* _REQUIRED WORK_
Output the listing verbatim, leaving out every picture.

* _INFORMATION SUPPLIED_
────────────────
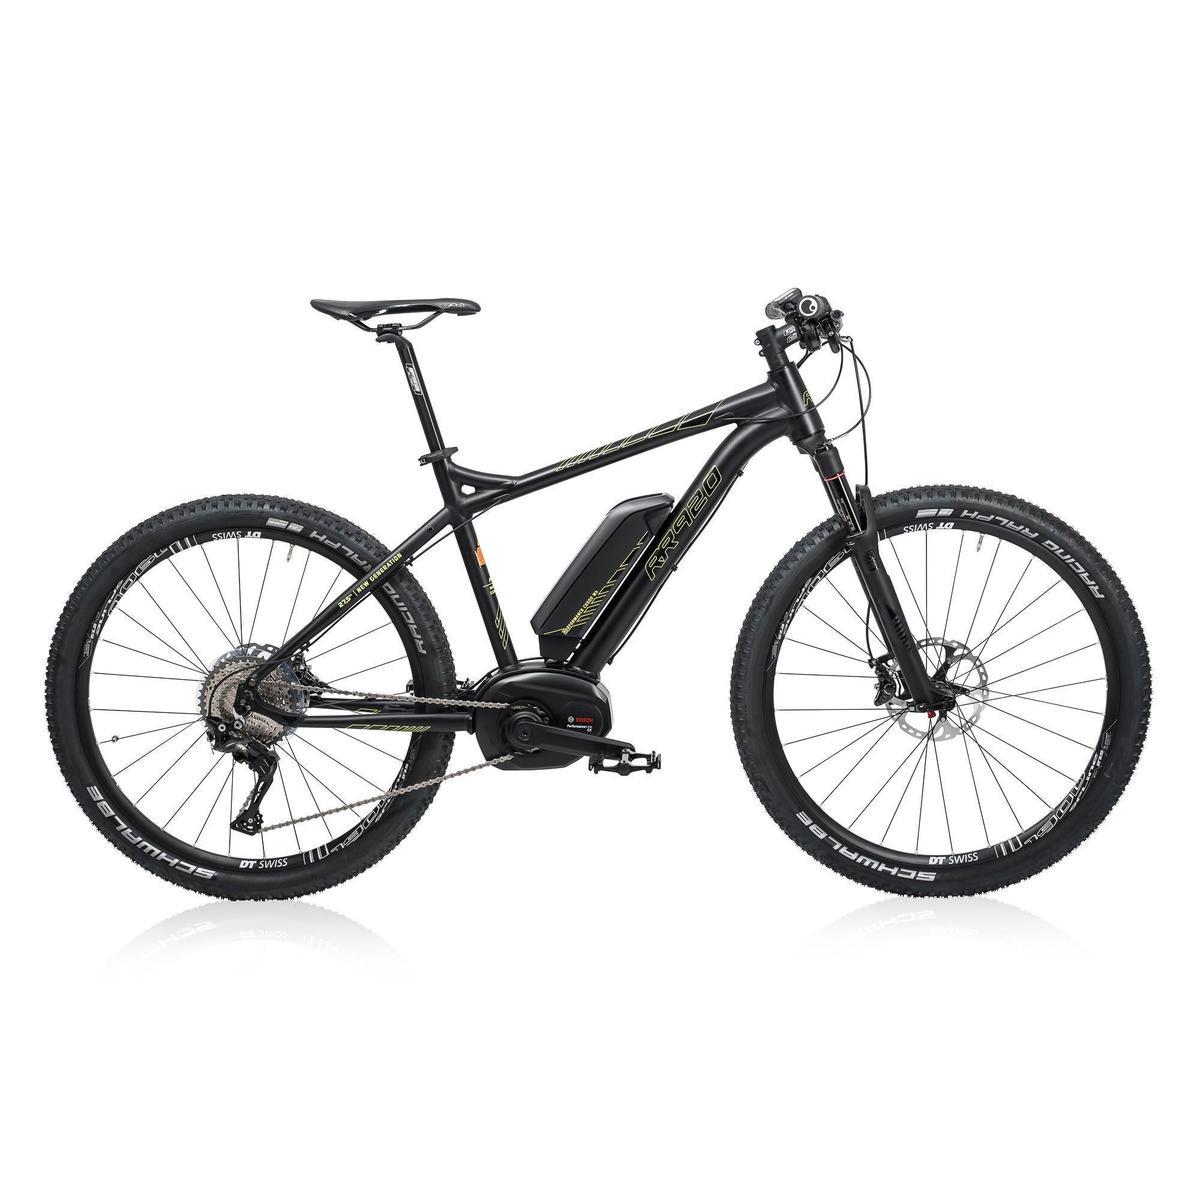 Bild 6 von E-MTB RR920 Performance CX 2018 500WH Alu schwarz/gelb
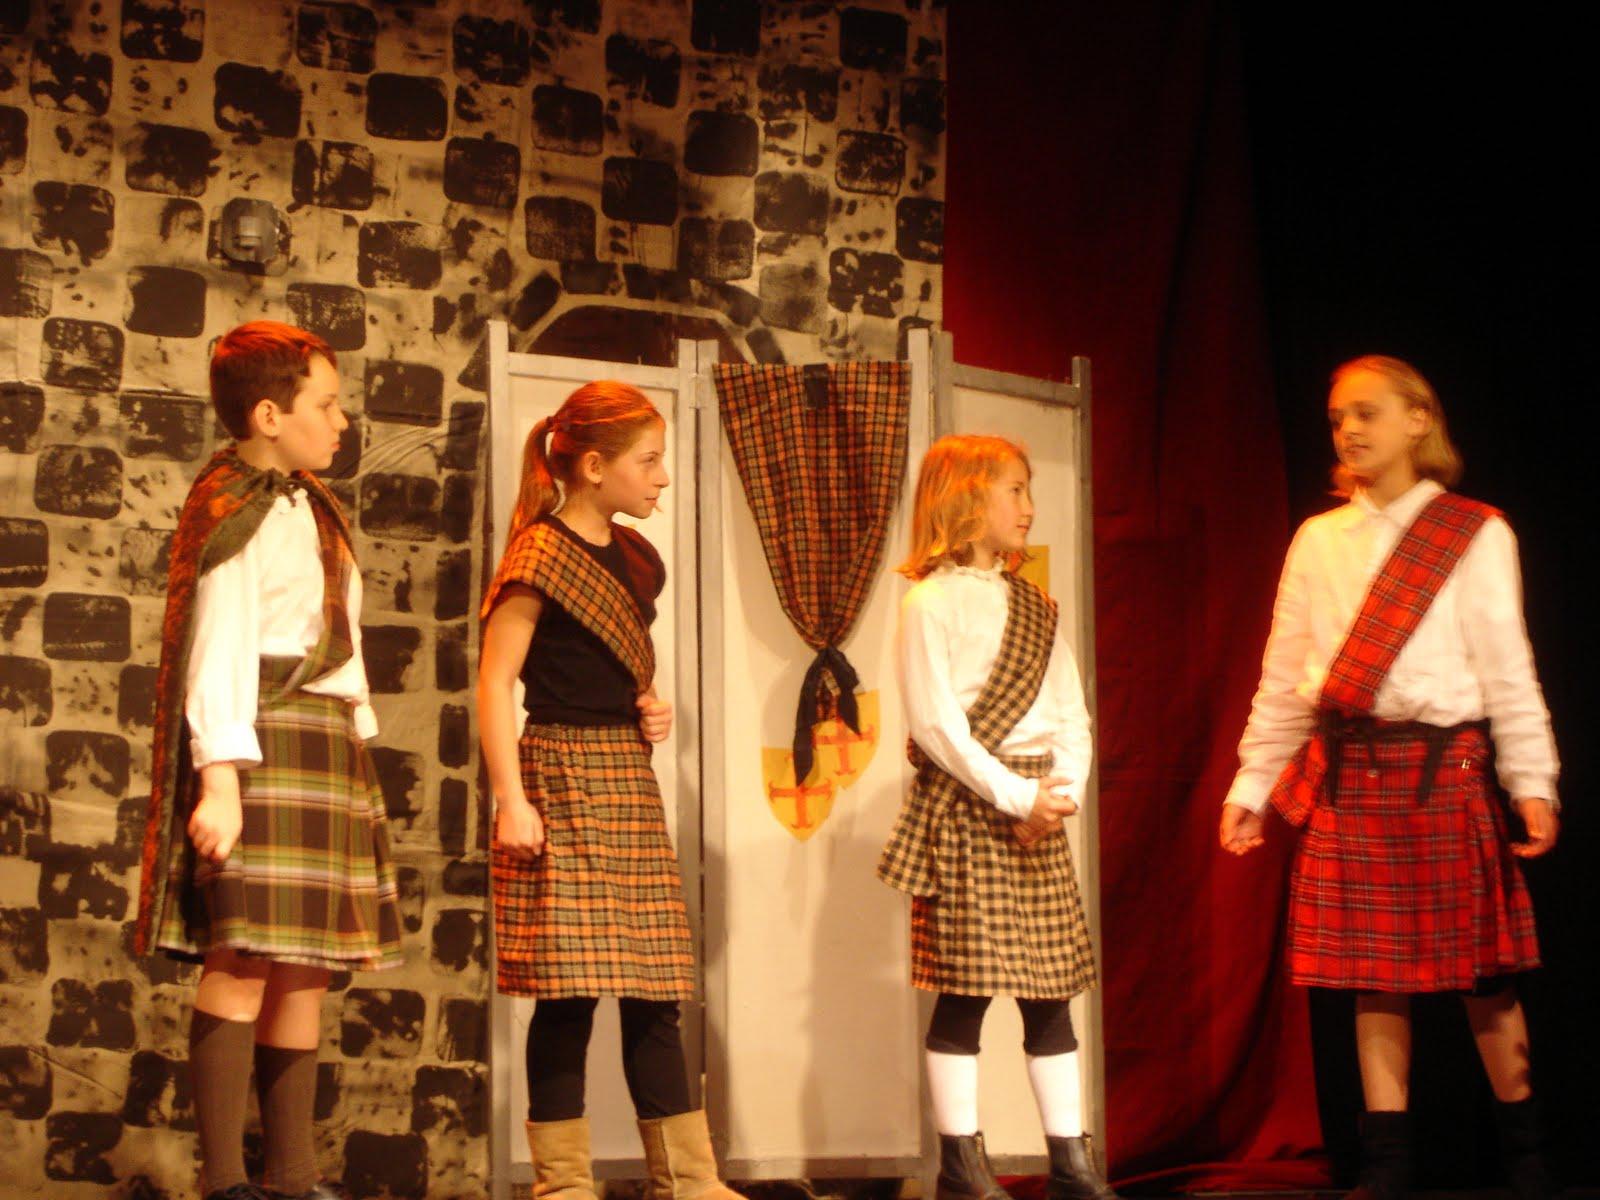 Did Lady MAcbeth Know that Macbeth killed Macduffs family?
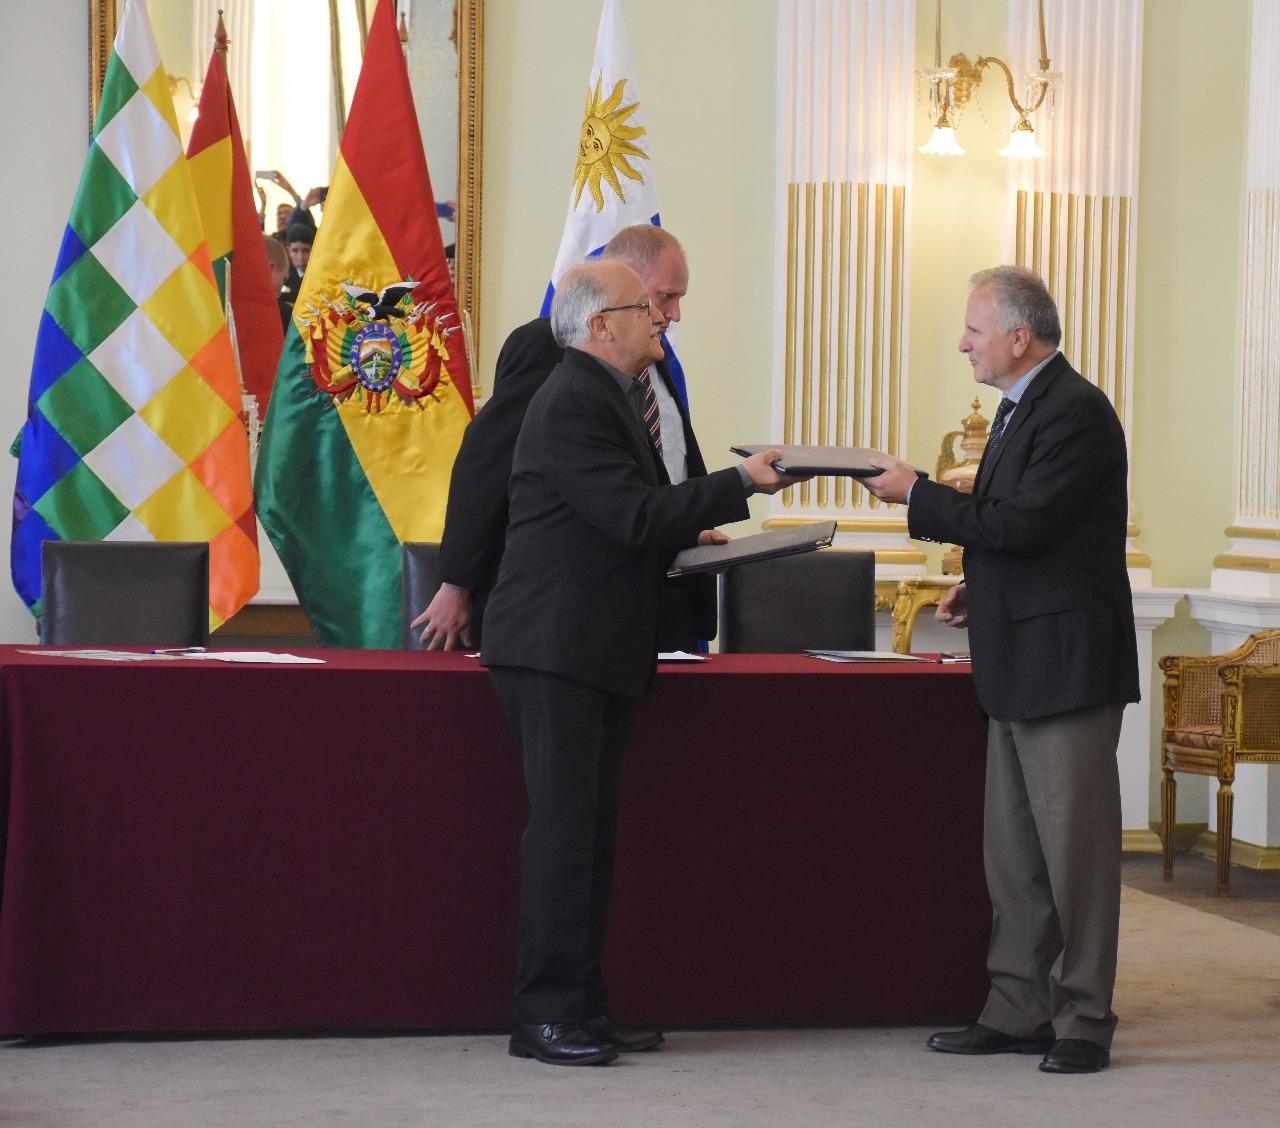 Firma de acuerdo operativo es un hito histórico para movilización de carga boliviana por puertos uruguayos
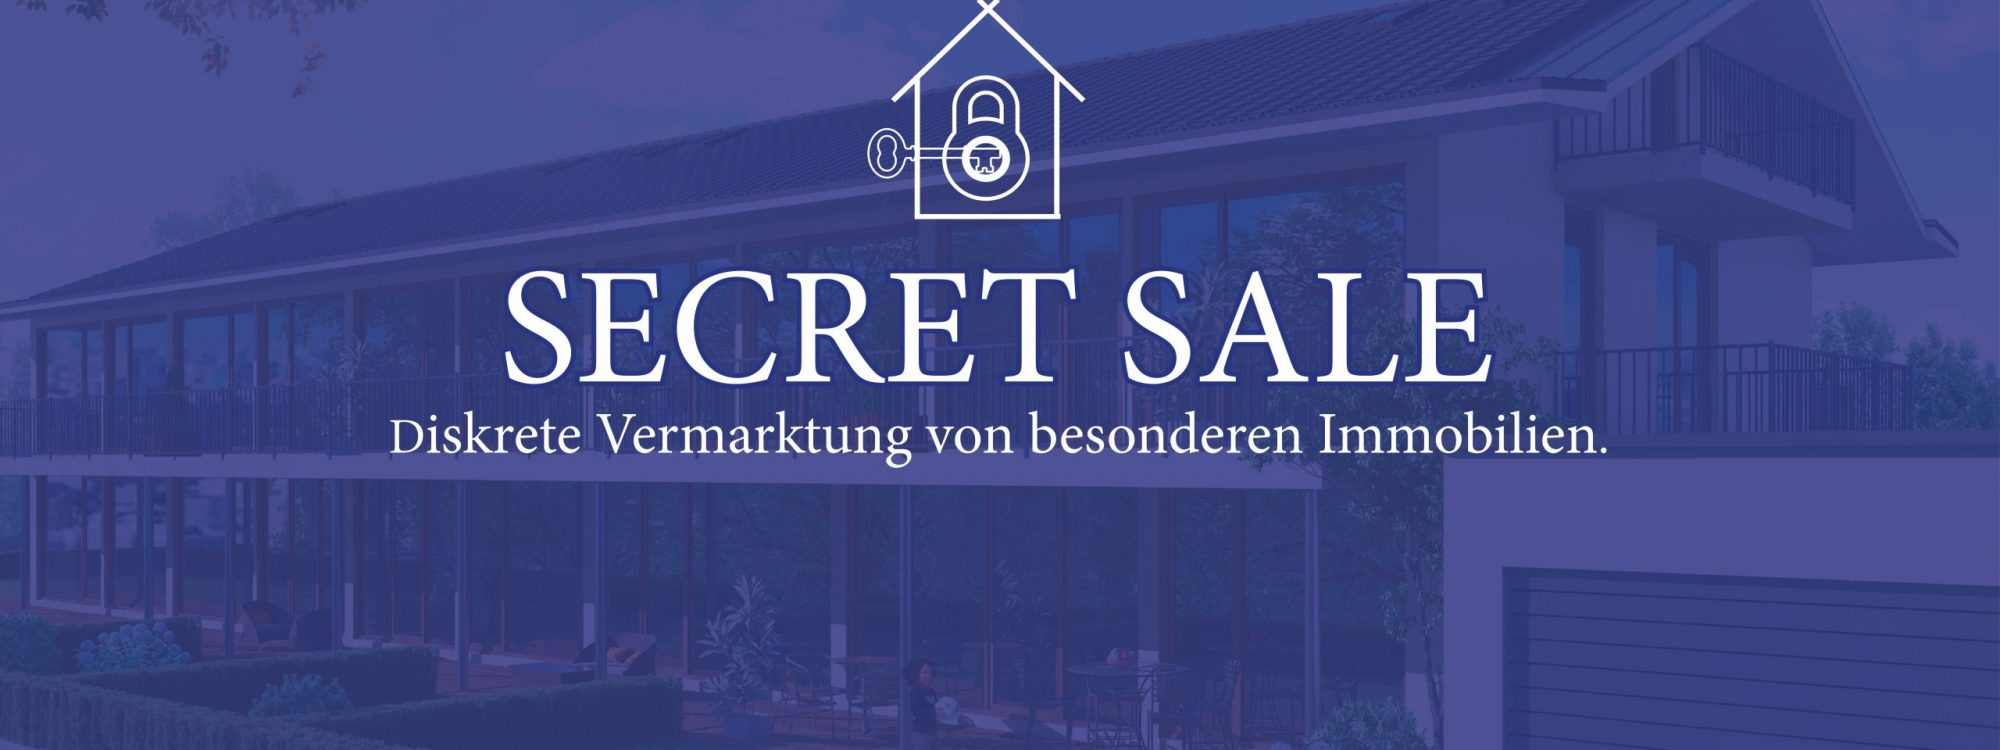 Bild Secret Sale - diskrete Vermarktung Ihrer Immobilie
────────────────
* _PROBLEM SOLUTION_
 Bild 6 von E-MTB RR920 Performance CX 2018 500WH Alu schwarz/gelb
 Did Lady MAcbeth Know that Macbeth killed Macduffs family?
 Firma de acuerdo operativo es un hito histórico para movilización de carga boliviana por puertos uruguayos
 Bild Secret Sale - diskrete Vermarktung Ihrer Immobilie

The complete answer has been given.